As an experienced prowler of Royal Navy warships, I had never been on board a sail ship or met any sea cadets or royal marines cadets before. I needn’t have worried as they were all very welcoming and most of them were on their first sailing trip too. My cadet shipmates were from units all over the UK and so day one was spent settling in, getting to know their new cabin mates, with the help of the experienced and friendly permanent staff.
I joined for day two which was the first day at sea. We spent the morning learning some essential safety rules, practicing putting on safety harnesses and having our first go at climbing the rigging; which is an important part of setting the sails at sea.
Sailing a tall ship is completely different to being at school and was new to all of us. Some cadets quickly discovered a hidden talent which they didn’t know they had while the rest of us needed a little longer and a bit more practice to master new things. This is fine; there were ten staff on board to assist us and fellow cadets encouraged each other well.
Every small step forward (or upward!) is celebrated. As soon as they climb onto the very first rung of the rigging ladders cadets have achieved something new and with a whole week in which to gain confidence, everyone enjoys personal progress.
I had a few difficulties with my claws getting stuck in the rope but I made it to the ‘first floor’ of the rigging, about a third of the way up. The sea breeze really gets in your whiskers up there – lovely!

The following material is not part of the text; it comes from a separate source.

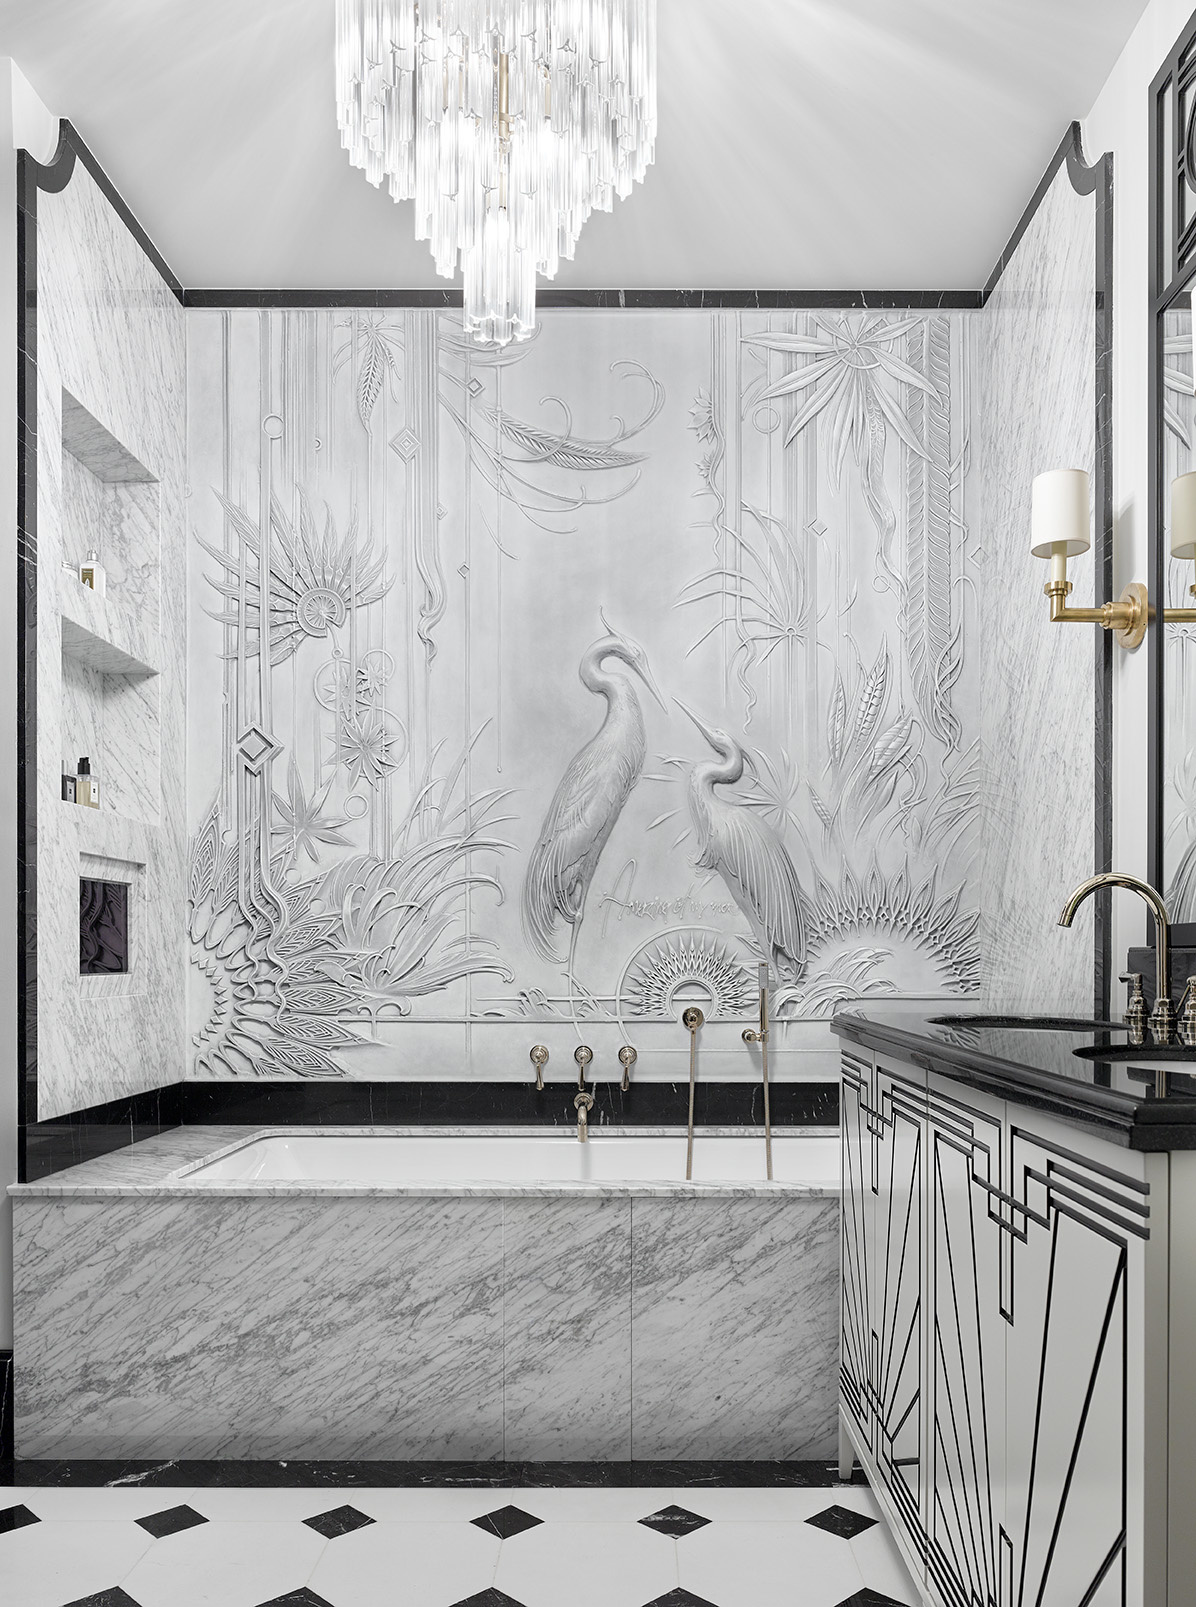 Dự án của NTK Katerina Lashmanova biến phòng tắm thành một không gian tinh tế với chiếc đèn chùm pha lê lộng lẫy, giấy dán tường hình đôi chim hạc sinh động, đặc biệt là sắc màu của đá cẩm thạch như hòa với bức tranh vào làm một.

Teamwork is an important part of the training. This can be anything from taking your turn as duty mess cadet, helping to serve hot food to those who have been out on deck; making sure that you’re pulling the right rope at the right time to coordinate with everyone else, or heaving heavier ropes as part of a group. ‘Learning the ropes’ is a phrase which has its origins in sailing and with one hundred and twenty “ropes with jobs” on TS Royalist, I can see why!
Lunch, cooked by the full time chef, was soup followed by pulled pork baps. On Sunday evening we had a traditional roast dinner. The smell of turkey had been wafting through the ship all day so it was a relief to finally get my paws on some. Several cadets had vegetarian meals and having let him know in advance, the very nice chef also catered for my feline needs. Purr-fect!
As well as being a lot of fun, TS Royalist provides a very different environment in which to discover and develop your individual strengths and identify and work on areas for improvement. For me a strength was that I am comfortable with heights. It’s a cat speciality. My main area for improvement was team work as I can be quite easily distracted by food and warmth. After my tail had been trodden on a couple of times I learnt to pay more attention to where I was in relation to feet and moving ropes!
All in all, it was a brilliant trip in a fascinating vessel. The staff are wonderful and have years of experience of working with young people at sea; they make sure that everyone is well looked after, including this Ship’s Cat. A big thank you to Captain Sea Cadets for the invite on board, and also to the lovely staff and cadets who made me so welcome. Enjoy the rest of your training season, TS Royalist!